Tournament information
- Established: 1959
- Course: Various courses in Europe
- Organized by: European Golf Association
- Format: Team match play

Current champion
- Ireland (2026)

= European Amateur Team Championship =

European amateur team golf championship

The European Amateur Team Championship is a European amateur team golf championship for men organised by the European Golf Association which was introduced in 1959.

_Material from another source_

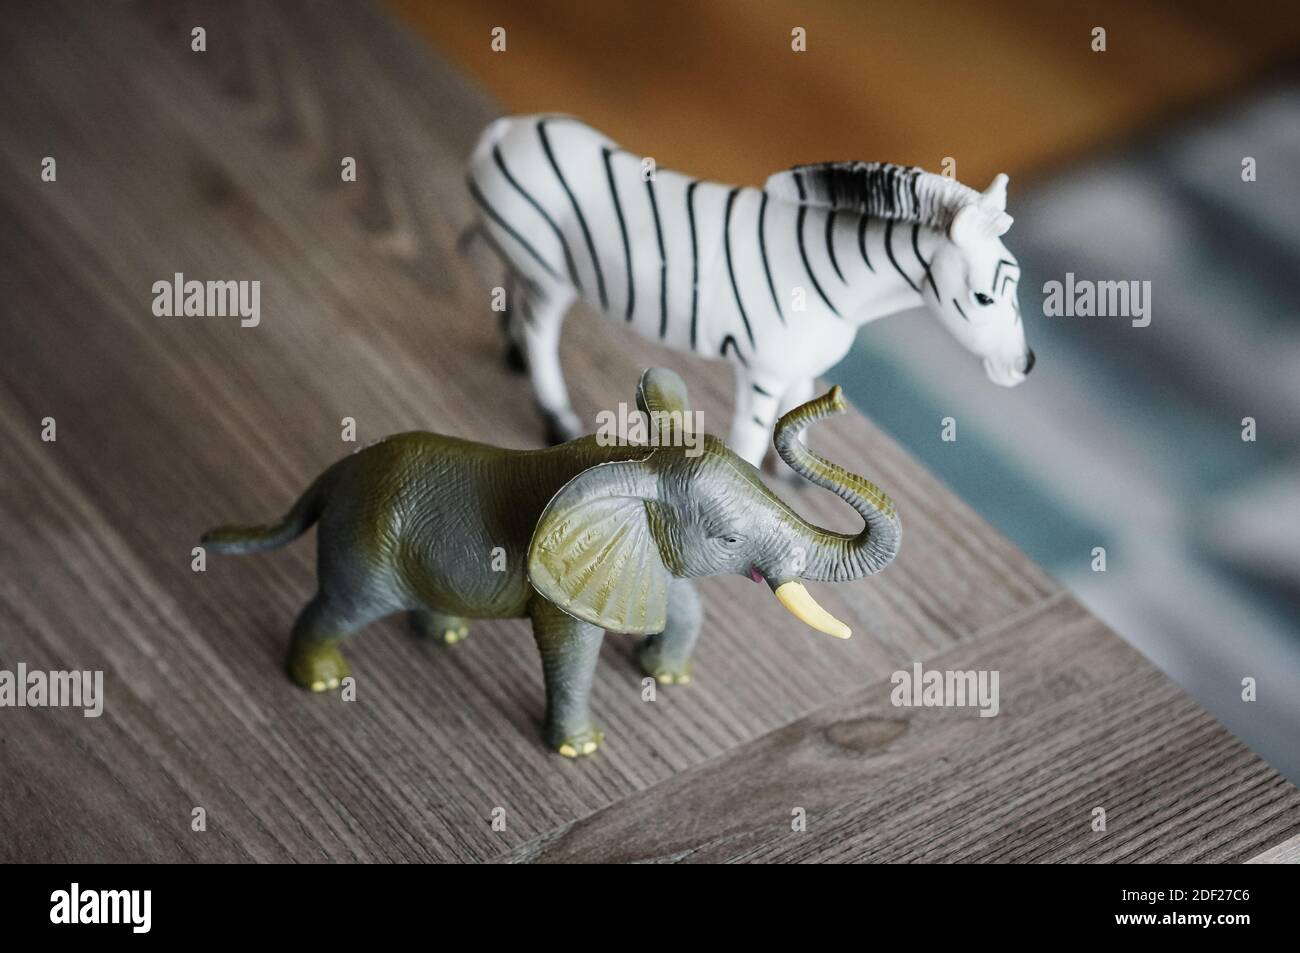 A closeup shot of plastic elephant and zebra toys Stock Photo

The championship was played in odd-numbered years from 1959 to 2007 and has been played annually since 2008 (with the exception of 2012).

==Format==
===1959–1965===
Each team consisted of a minimum of six players, playing two rounds of stroke play, counting the four best scores for each team. The four best teams formed flight A, were the winner was determined by a round-robin system. All teams in the flight met each other and the team with most points for team matches won the tournament, using the scale, won 2 points, halved 1 point, lost 0 points.

===1967–1975===
Each team played one round of stroke play, counted the five best scores for each team. The eight best teams formed flight A, in knock-out match play over the next three days, teams being seeded based on their position after the stroke play.

===1977–2019===
Each team consisted of 6 players, playing two rounds of stroke play over two days, counting the five best scores for each team, and two foursomes and five single matches in the following knock-out play.

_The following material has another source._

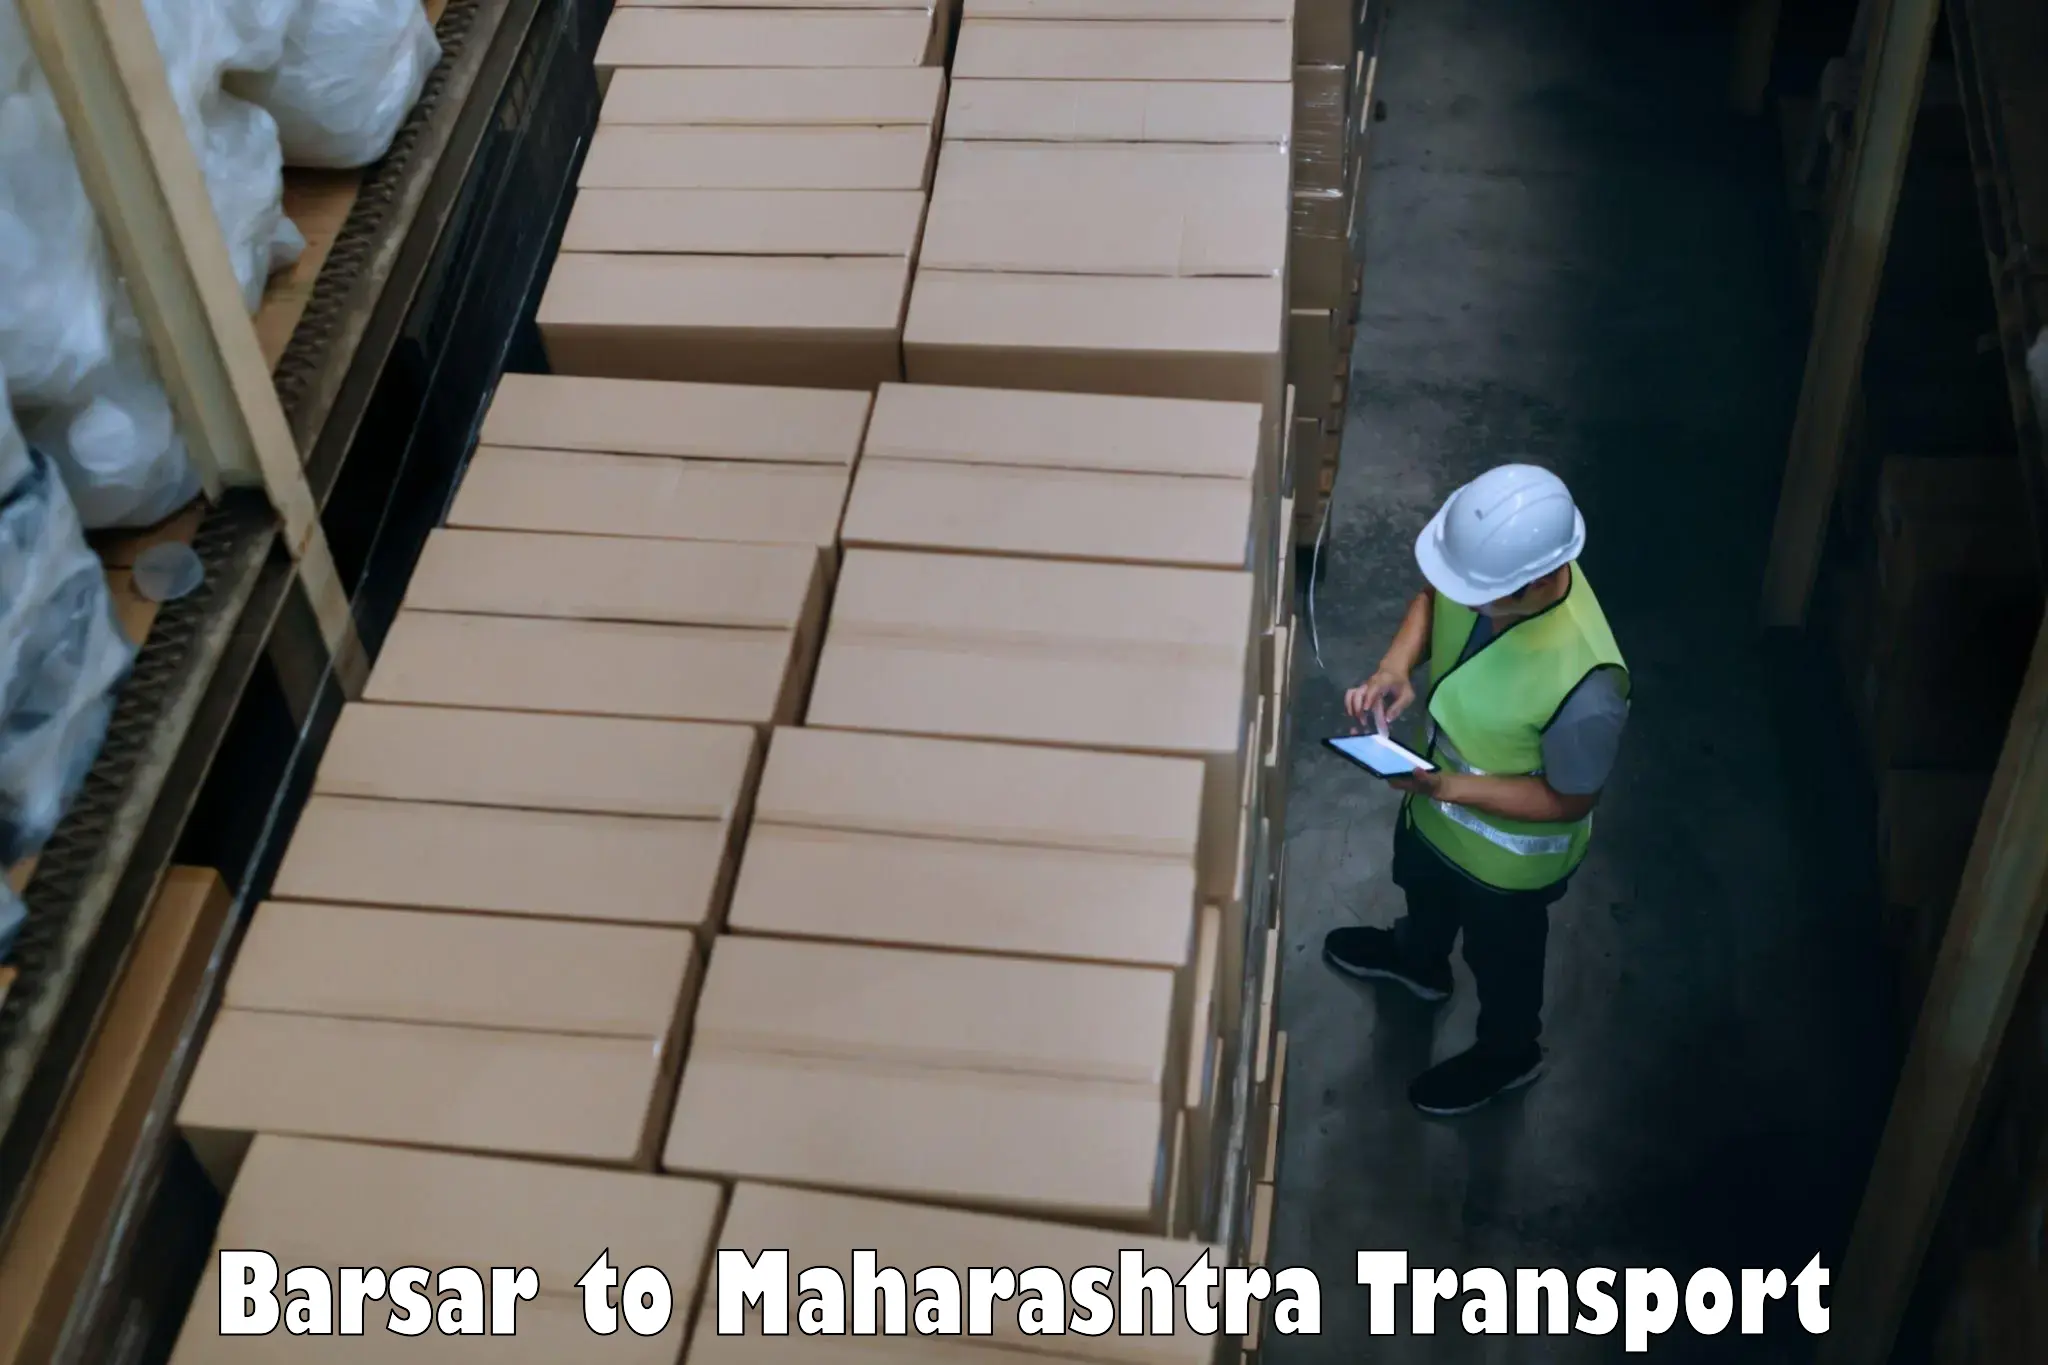 Truck transport companies in India Barsar to Kurkheda

From 2013, the number of participating teams was limited to 16. A second division, named European Men's Challenge Trophy, was introduced, giving the participating teams the opportunity to qualify for next year's championship, by finishing top three, replacing the three last finishing teams in the first division. The year after, the Challenge Trophy was renamed The European Amateur Team Championship Division 2.

===2020===
In 2020 only 14 team participated, each of four players. All competitors play a round of stroke play on the first day. The team score is based on the leading three scores of each team. After the first day, the leading eight teams compete in Flight A in knock-out match play over the next three days, teams being seeded based on their position after the stroke play. Contests consist of one foursome in the morning and two singles in the afternoon. If a match is level after 18 holes, extra holes are played to get a result, although if the overall result has already been determined later matches that are level after 18 holes are halved. The remaining teams, not qualified for Flight A, competed in a similar bracket in Flight B, to determine the final standings.

===2021–present===
Currently the championship is contested by up to 16 teams, each of 6 players.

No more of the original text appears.